Here’s a taste of some of the other campaigns in the regions:

  • The Northern Echo, Darlington: “A Chance to Live” aims to slash growing hospital waiting times for seriously-ill heart patients. The campaign was launched after the death of Ian Weir, deputy chief photographer at the paper. The Echo’s “Criminal Injustice” campaign calls for more Government support for the families of murder and manslaughter victims.
  • The Sentinel, Stoke: The paper’s campaign for cash to build a children’s hospice resulted in a developer offering to do the £2m work for free.
  • Brighton Evening Argus: “Justice for Jeff”, seeking tougher penalties for drivers who kill, was launched after the death of PC Jeff Tooley, mown down by a van he was attempting to stop during a routine speed check. The paper claimed success after a Home Office minister hinted at tougher penalties and a new charge of causing death by careless driving.
  • Aberdeen Evening Express: “Save Our Swings” was launched after Aberdeenshire Council proposed scrapping 150 play areas over five years to cut costs. Special car stickers were produced to promote another campaign, “Protect Our Kids”, aiming to banish speeders and slash road accident rates.
  • Yorkshire Evening Post: “Healthy Bones 2000 Scanner Appeal” was launched last October and by January had resulted in a £60,000 children’s bone scanner being handed over to Leeds General Infirmary. The paper promptly launched another appeal, for a £200,000 ultrasound heart scanner.
  • Herald Express, Torquay: The paper is pressing for a road bridge over the troubled A380 to end what it calls the stop-start misery endured by 36,000 motorists a day.
  • Several papers have launched campaigns to save local post offices threatened by Government plans to pay all benefits and pensions directly into bank accounts. The Western Morning News, Plymouth, has carried a series of reports highlighting the threat to rural areas and has won support from actor Edward Woodward, who lives in the area. Liked the WMN, the East Anglian Daily Times launched a protest petition and more than 30,000 people registered their support in the first week.
  • The News, Portsmouth: “A Right to a Local Hospital” attacked the planned closure of the Royal Hospital Haslar, Gosport. “March of the Masts” opposed Orange Personal Communications’ plan for a 49ft mast at a Meon Valley beauty spot.
  • Grimsby Evening Telegraph: The paper has been campaigning since 1997 for cannabis to be legalised under medical supervision. As the Medical Research Council announced that official trials were to begin, the paper featured a 57-year-old multiple sclerosis sufferer said she would jump at the chance to take part.
  • Scarborough Evening News: Working with NCH Action for Children, the paper aims to raise £250,000 for a new resource and respite centre for disabled children in Scarborough. A £25,000 legacy took the fund past £52,000.
  • The Citizen, Gloucester: “Sprinkler Campaign” was launched after a disastrous shop fire in Gloucester in 1996. By end of 1999, it had succeeded in changing UK fire regulations – sprinkler systems will have to be installed in all new single-storey retail stores of more than 2,000 square metres
  • Southend Evening Echo: The paper forced Southend Council’s new cabinet to meet in public. The Kent Messenger Group launched “Your Right to Know” in an effort to persuade Kent County Council to abandon cabinet secrecy.

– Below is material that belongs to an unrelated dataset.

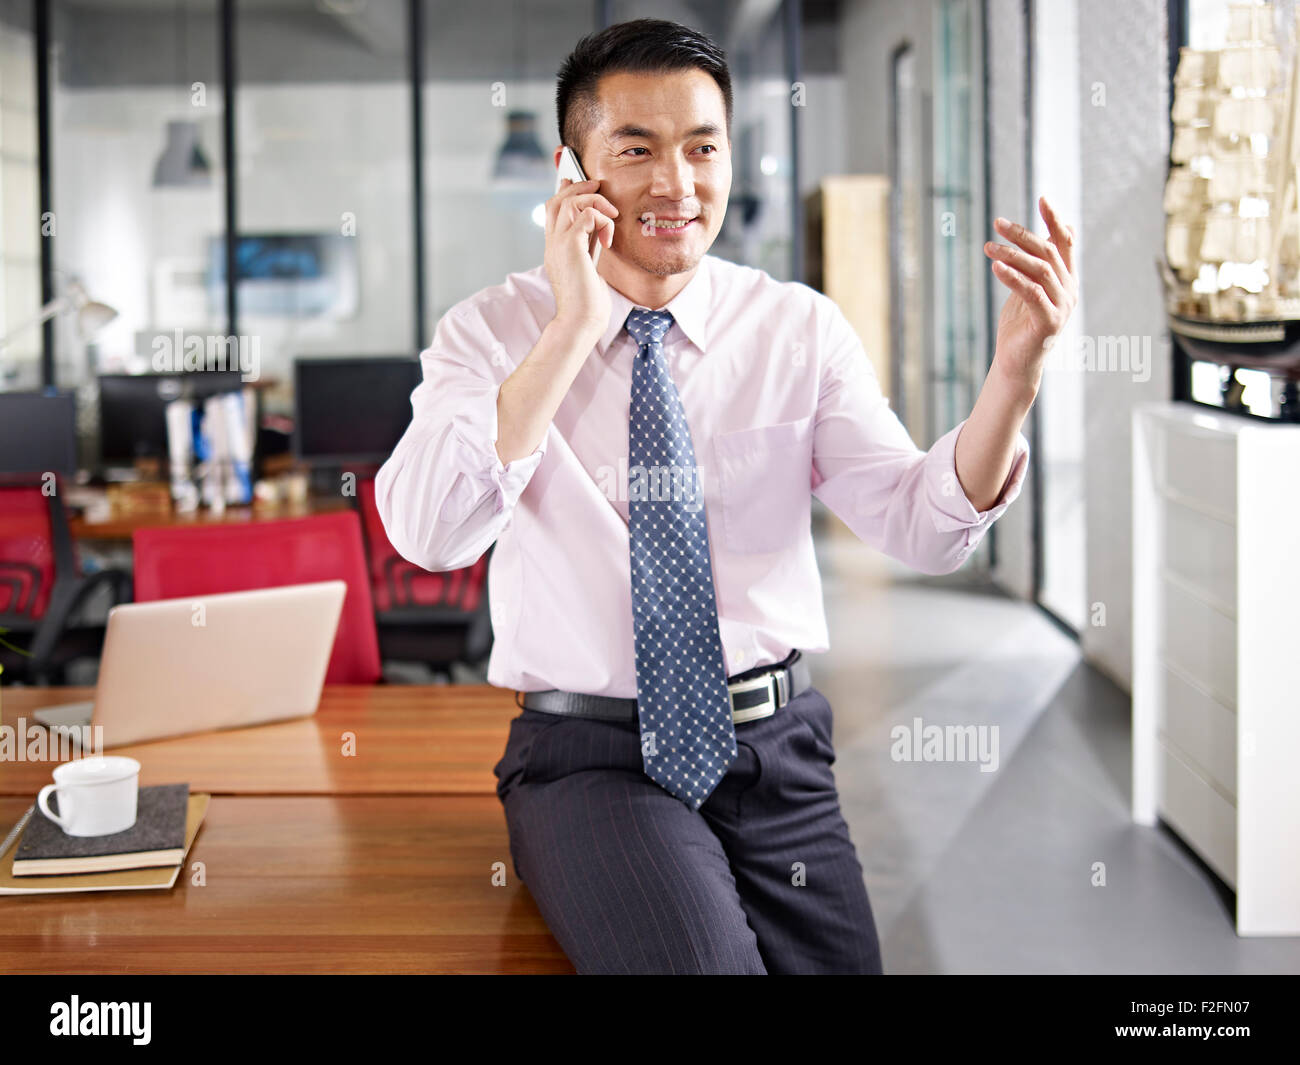 asian business executive talking on cellphone Stock Photo

  • Norwich Evening News: Macmillan Cancer Relief Nurse Appeal smashed its £30,000 target by raising £100,000 in just a year.
  • Coventry Evening Telegraph: Campaign to honour 60 Coventry firefighters killed in World War 2 succeeded after a year when a memorial was unveiled at Coventry Cathedral..

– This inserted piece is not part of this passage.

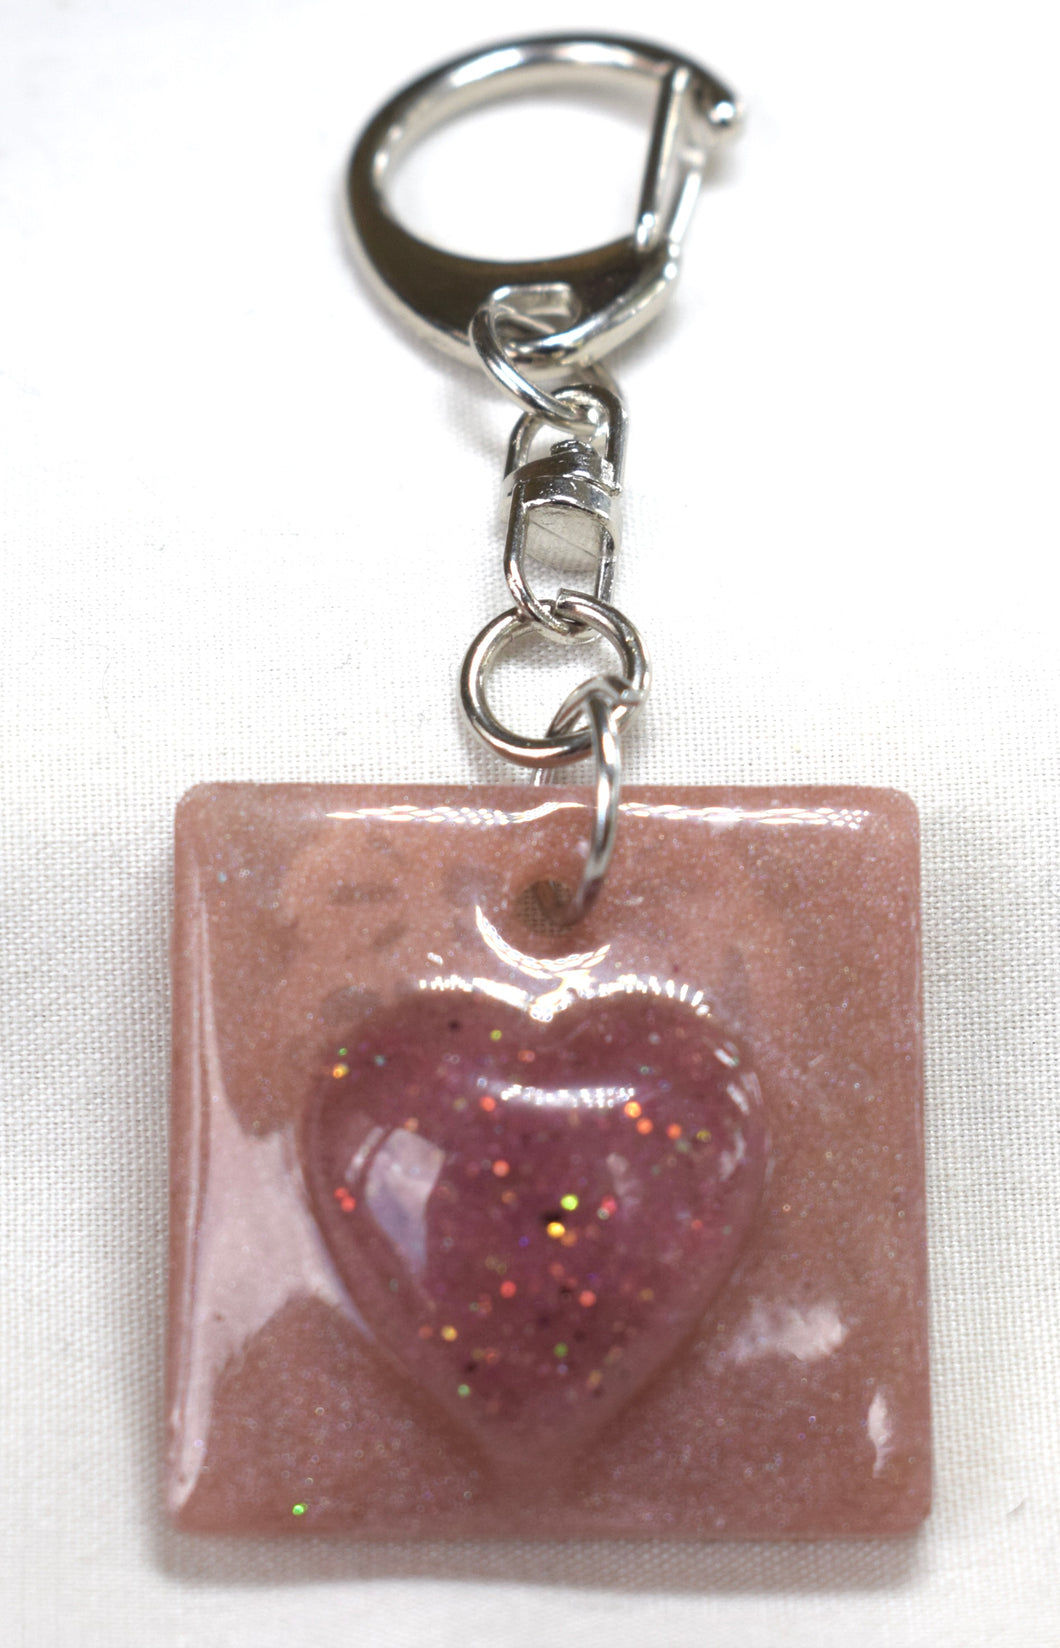 Affirmation Heart Keychain - You Got This (pink)

  • Western Morning News: “Fuel The Lifeboats” led to editor Barrie Williams collecting a national award for an unprecedented second time for the paper’s work in supporting the RNLI.
  • Northampton Chronicle & Echo: Since the £1.5 million Macmillan Northamptonshire Cancer Appeal was launched in the paper just over a year ago, more than £526,000 has been raised.
  • Hull Daily Mail: Readers were urged to back the paper’s Save Our Bobbies campaign by filling in a Page 1 coupon under the heading “The last straw, Jack”. Crime reporter Lisa Berry will deliver the coupons to the Home Secretary, urging him to increase police funding and save the jobs of 251 Humberside officers.